● Directions for this task:
Without changing a word, repeat the data, and include no pictures.

● Data block:

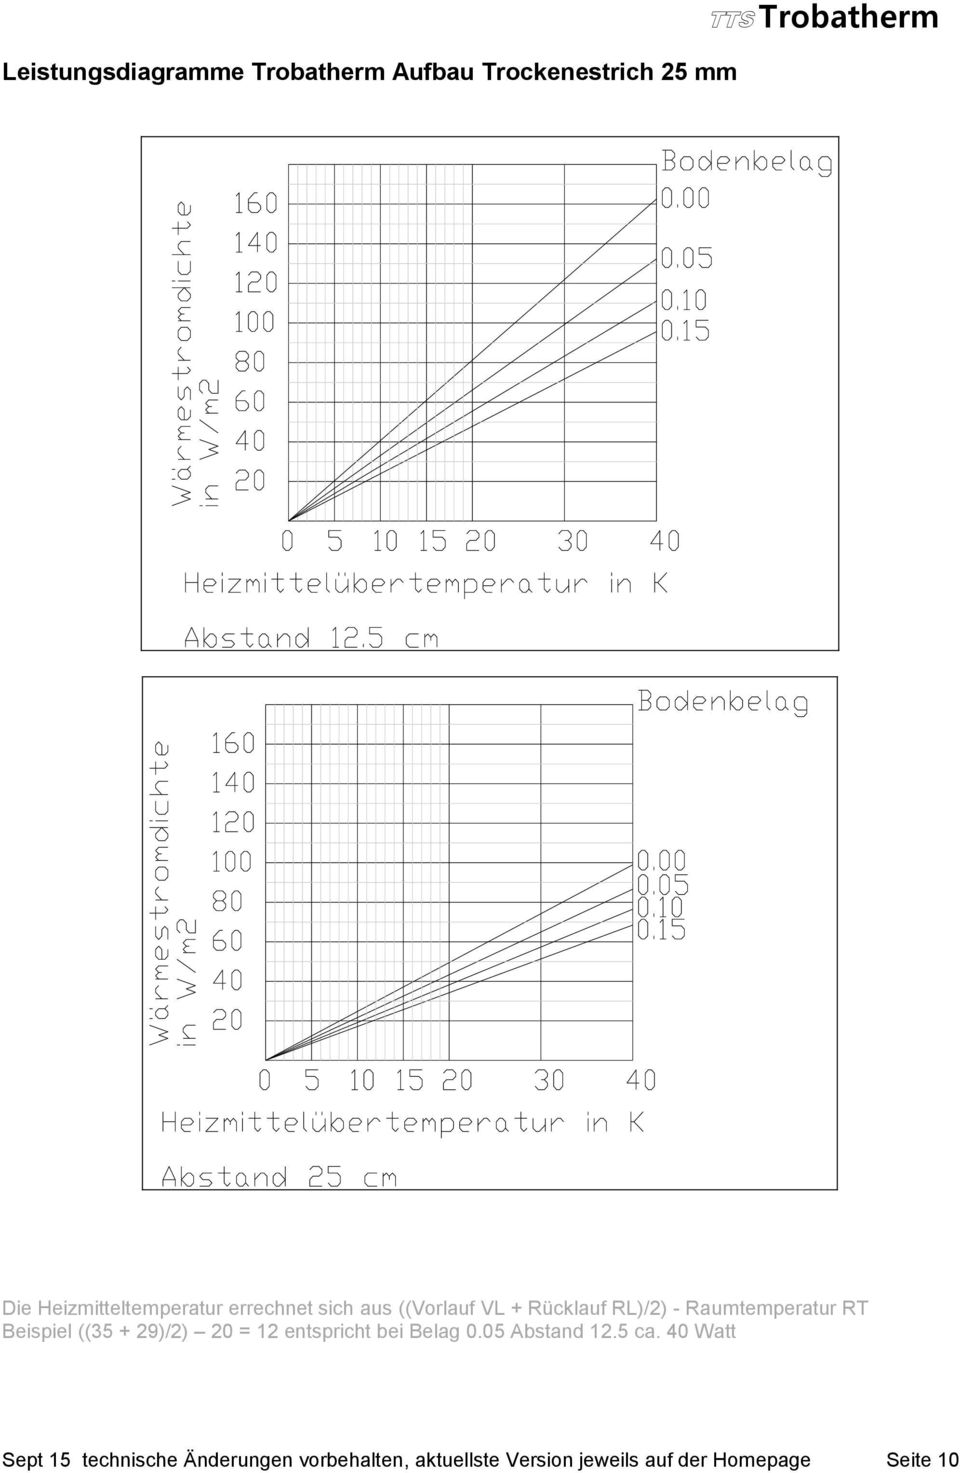 Raumtemperatur RT Beispiel ((35 + 29)/2) 20 = 12 entspricht bei Belag 0.05 Abstand 12.
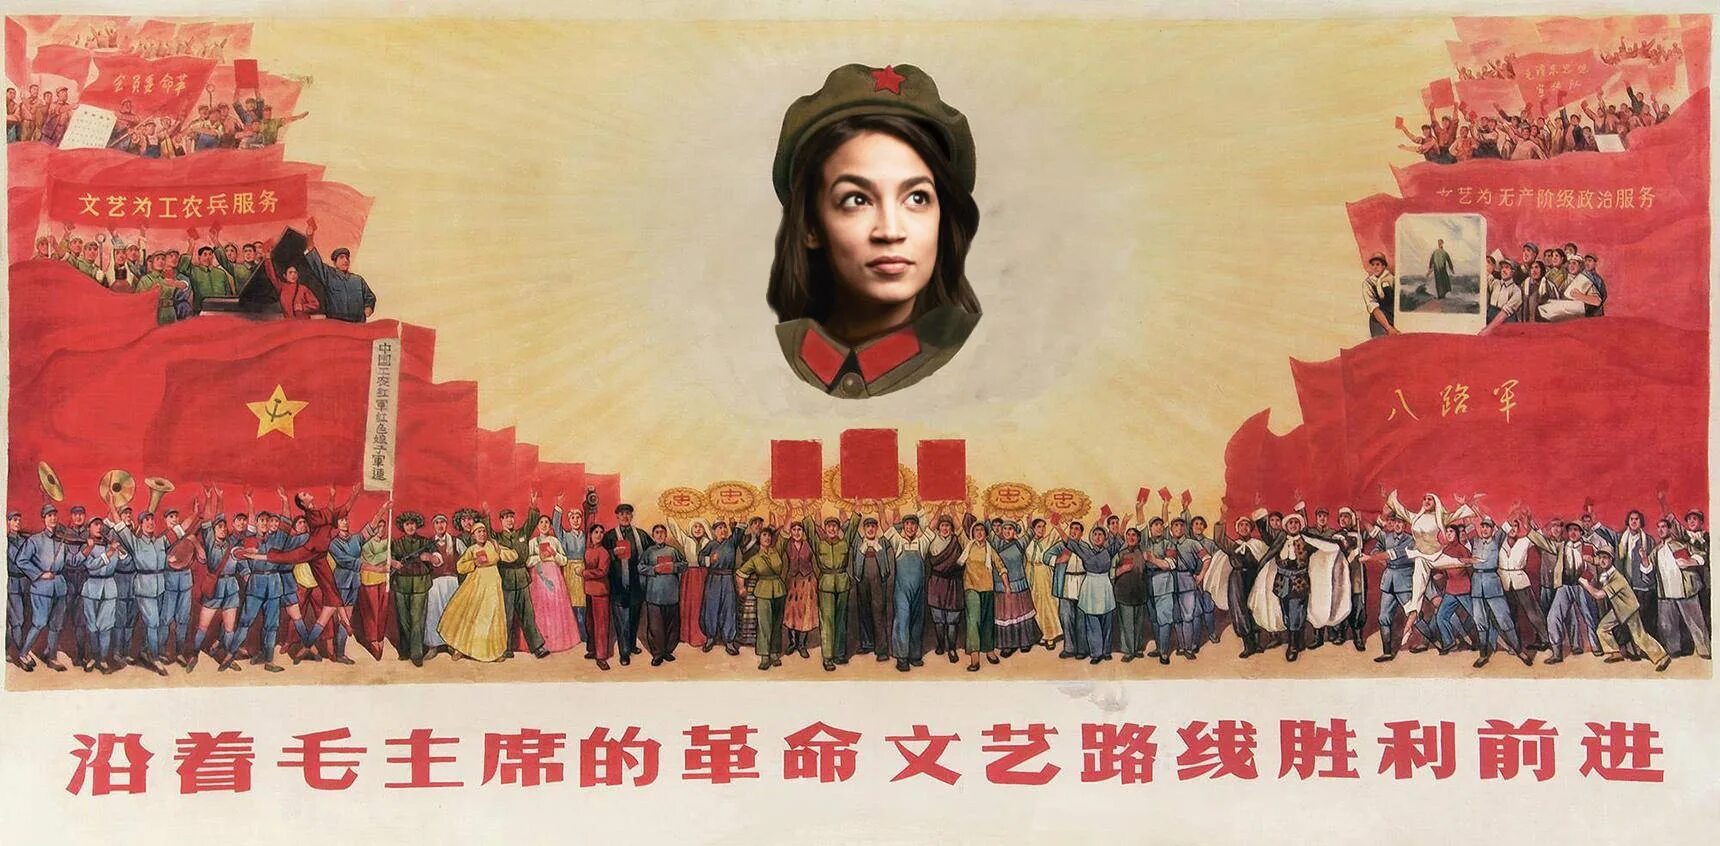 Единая судьба народов. Китай Мао Цзэдун. Коммунистическая партия Китая Мао Цзэдун. Мао Цзэдун пропаганда плакат. Большой скачок Мао Цзэдуна.
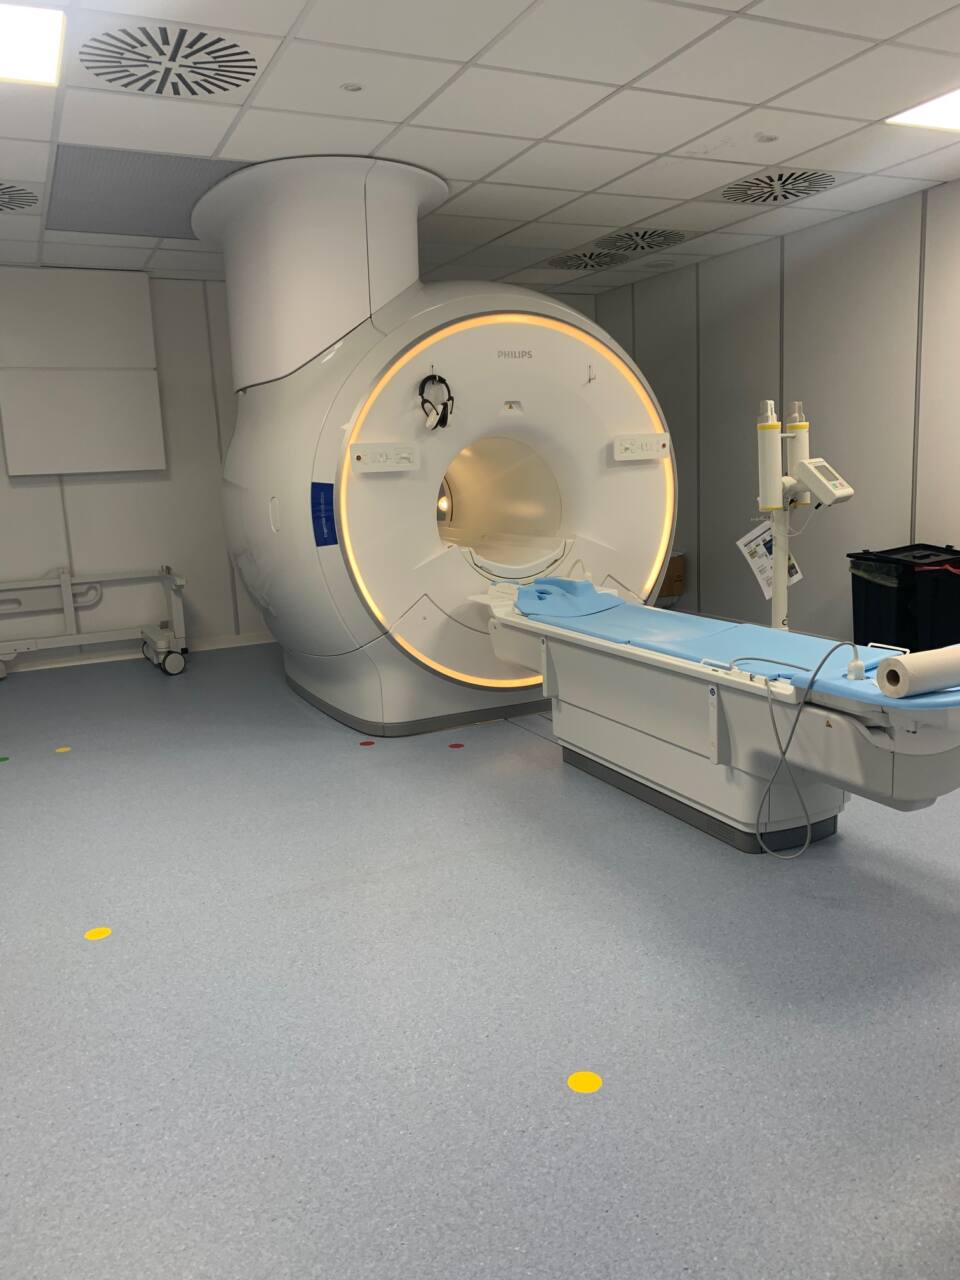 La nuova risonanza installata e già in funzione nel reparto di Radiologia dell’ospedale Santa Croce di Fano

● Output for this task:
 Raumtemperatur RT Beispiel ((35 + 29)/2) 20 = 12 entspricht bei Belag 0.05 Abstand 12.
 Единая судьба народов. Китай Мао Цзэдун. Коммунистическая партия Китая Мао Цзэдун. Мао Цзэдун пропаганда плакат. Большой скачок Мао Цзэдуна.
 La nuova risonanza installata e già in funzione nel reparto di Radiologia dell’ospedale Santa Croce di Fano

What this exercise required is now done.